Problem description |
Output the listing exactly, without its pictures.

Start of Information supplied

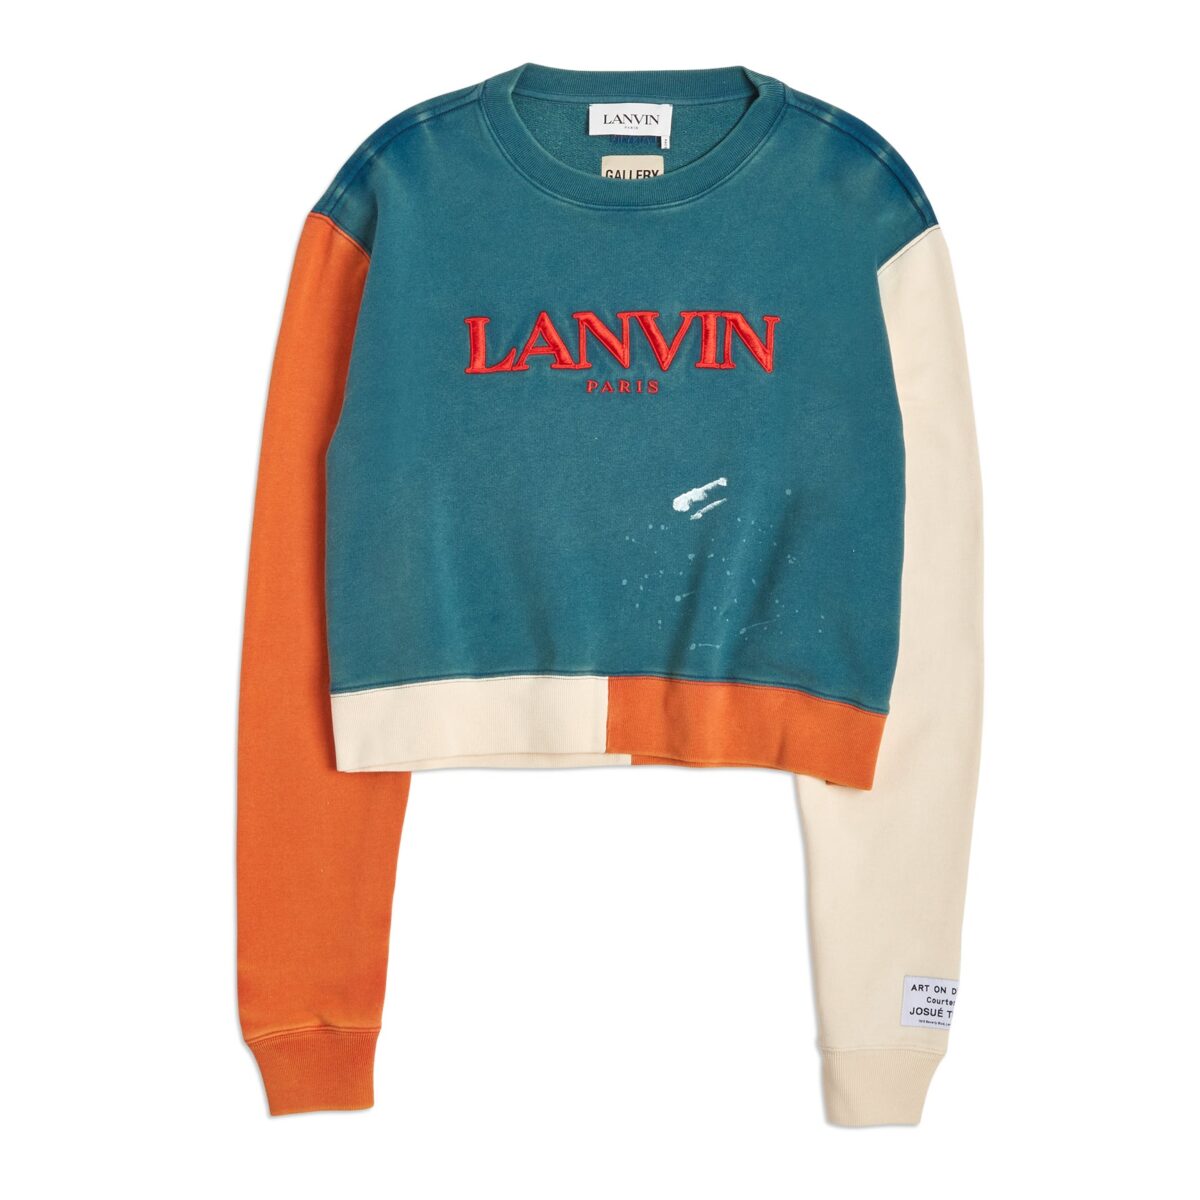 Gallery Dept X Lanvin Cropped Sweatshirt
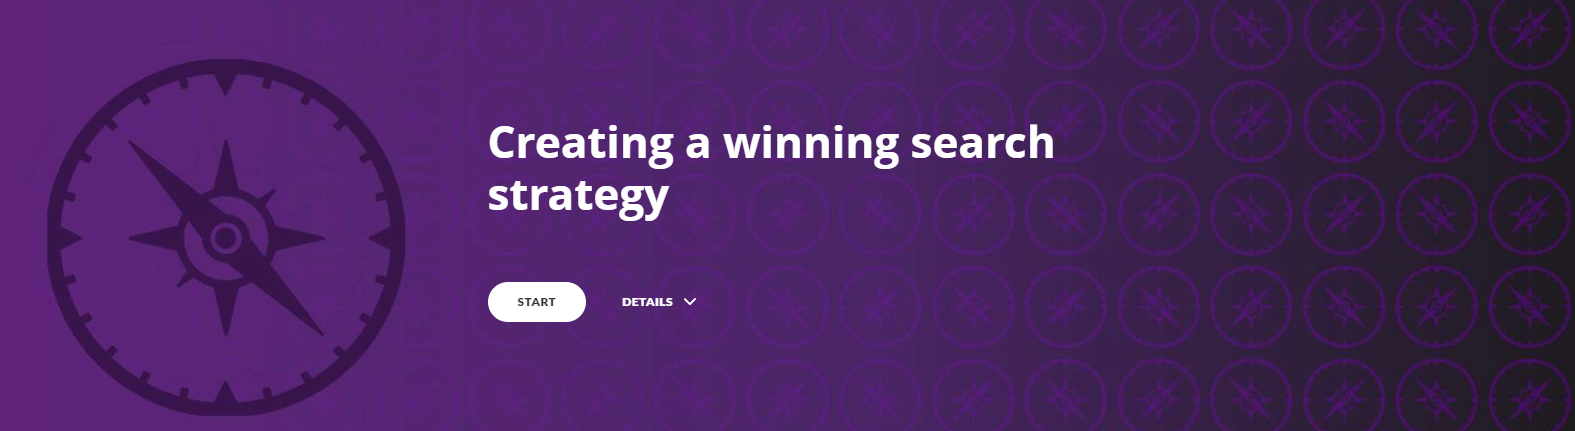 Create a winning search strategy
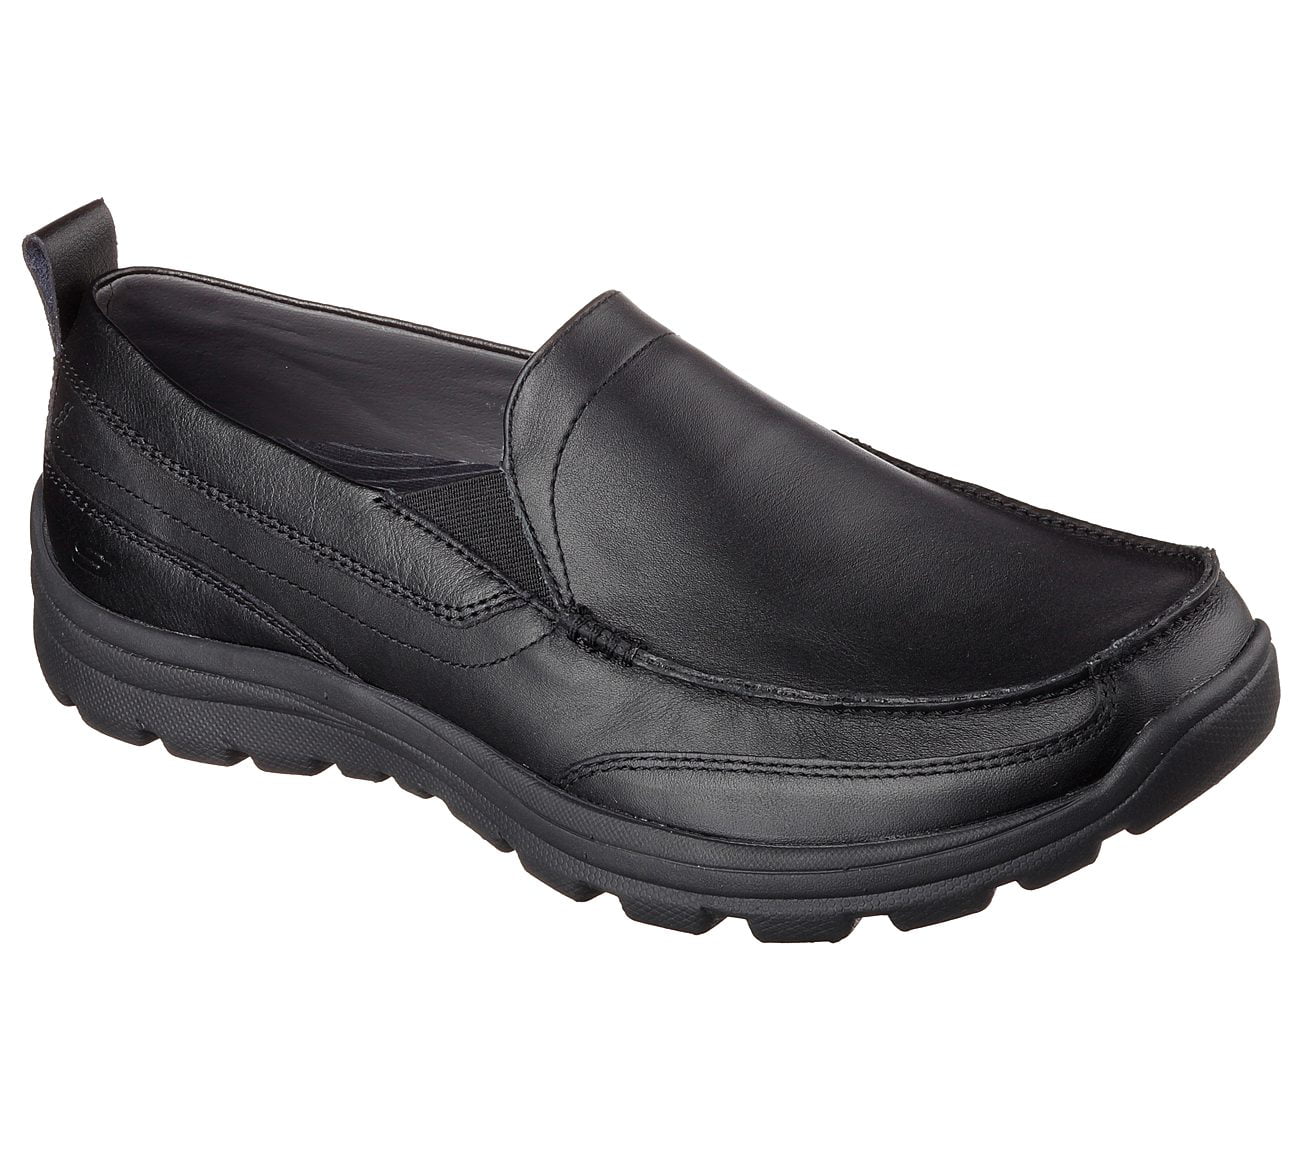 Skechers Men's Relaxed Fit Superior Gains Loafers, Black/Black, M US - Walmart.com

End of Information supplied

Expected output |
 Gallery Dept X Lanvin Cropped Sweatshirt
 Create a winning search strategy
 Skechers Men's Relaxed Fit Superior Gains Loafers, Black/Black, M US - Walmart.com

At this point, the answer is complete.